7. The method for detecting system anomalies according to claim 1, wherein when the result of the event anomaly detection is normal, the parameter anomaly detection model based on the parameter sequence training is adopted to perform the parameter anomaly detection on the parameters of each log entry, and before the result of the parameter anomaly detection is obtained, the method comprises:

dividing a parameter sequence formed by parameters of each log entry into a training set and a verification set;

training by adopting parameter sequences corresponding to different types of events in the training set to obtain different parameter anomaly detection models;

And verifying different parameter anomaly detection models by adopting a verification set, and generating Gaussian distribution based on a model preset result and an actual result in the verification set.

8. The method for detecting system anomalies according to claim 7, wherein when the result of the event anomaly detection is normal, the parameter anomaly detection is performed on the parameters of each log entry using a parameter anomaly detection model trained based on a parameter sequence to obtain a result of the parameter anomaly detection, comprising:

when the event abnormality detection result is normal, carrying out parameter sequence prediction on the parameters of each log entry by adopting a parameter abnormality detection model corresponding to the current system log event to obtain a prediction result;

comparing the predicted result with a parameter sequence corresponding to a current system log event, and judging whether the compared result falls in a high confidence interval of the Gaussian distribution, wherein the high confidence interval is a confidence interval larger than a first threshold value;

and when the parameter is in the high confidence interval, the result of abnormal parameter detection is normal, and otherwise, the parameter is abnormal.

9. A system abnormality detection device, comprising:

the analysis module is used for analyzing the system log to obtain a plurality of log entries and events and parameters corresponding to each log entry;

The vectorization module is used for carrying out semantic vectorization on the event of each log entry to obtain the event semantic vector of each log entry;

the first detection module is used for carrying out event abnormality detection on the event semantic vector of each log entry by adopting an event abnormality detection model obtained based on event semantic vector sequence training to obtain an event abnormality detection result;

the second detection module is used for carrying out parameter anomaly detection on the parameters of each log entry by adopting a parameter anomaly detection model obtained based on parameter sequence training when the event anomaly detection result is normal, so as to obtain a parameter anomaly detection result;

and the abnormality judging module is used for determining the abnormality of the current system when the event abnormality detection result is abnormal or the parameter abnormality detection result is abnormal.

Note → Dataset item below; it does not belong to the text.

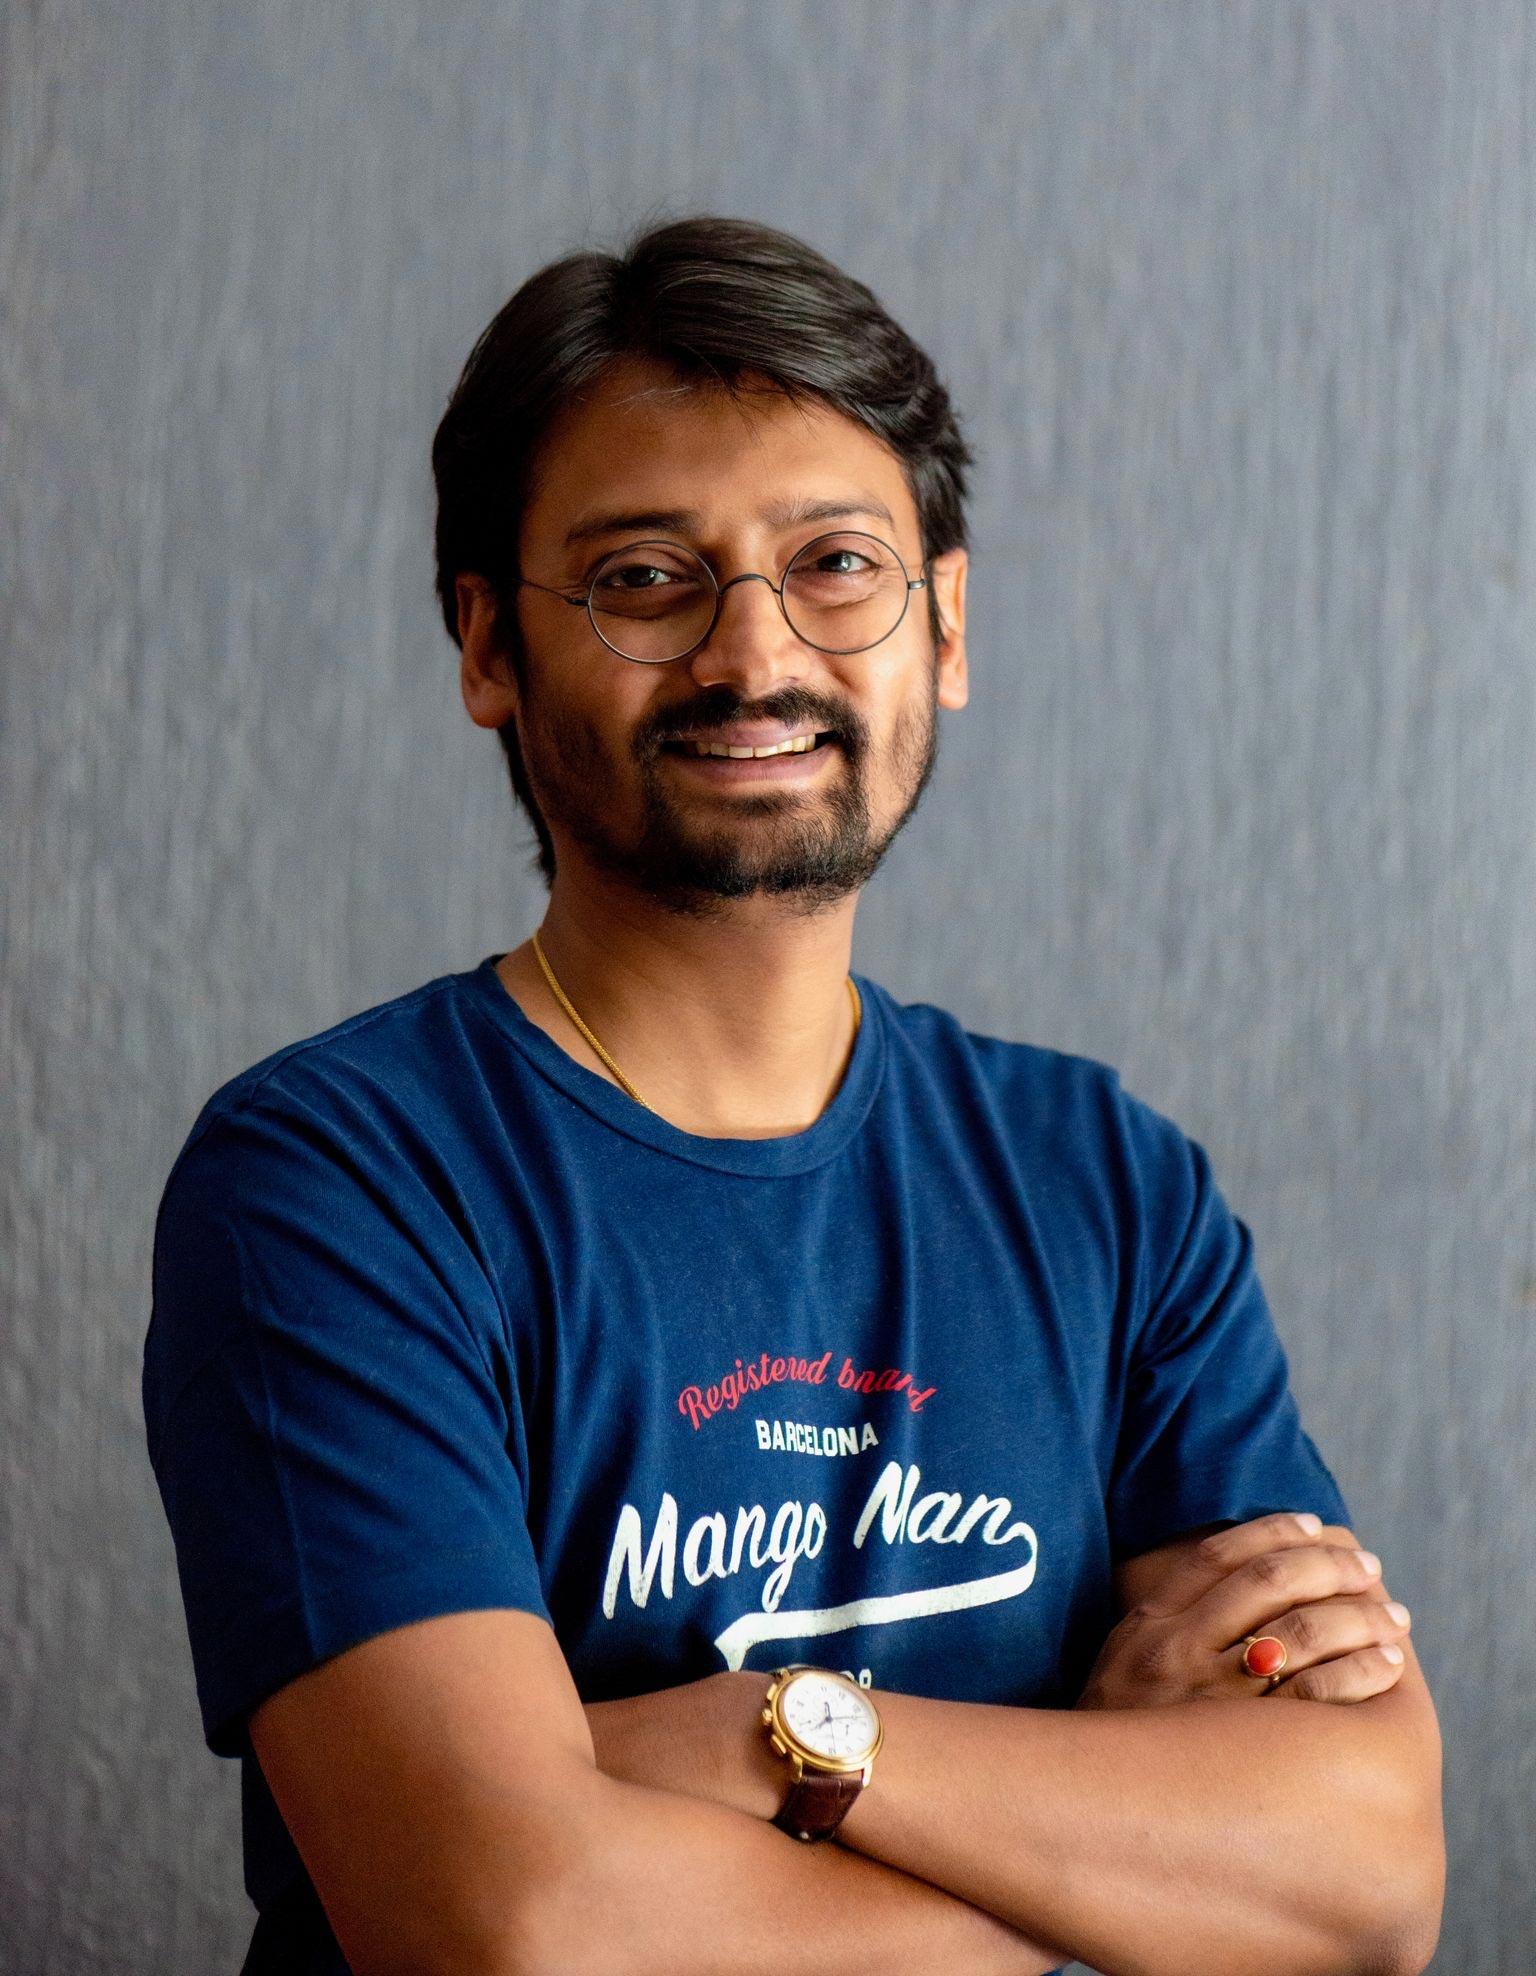 Prateek M. Srivastava

10. A computer-readable storage medium storing computer instructions for causing the computer to execute the method of detecting a system abnormality according to any one of claims 1 to 8.

11. An electronic device, comprising: a memory and a processor, said memory and said processor being communicatively coupled to each other, said memory storing computer instructions, said processor executing said computer instructions to perform the method for detecting a system anomaly as claimed in any one of claims 1-8.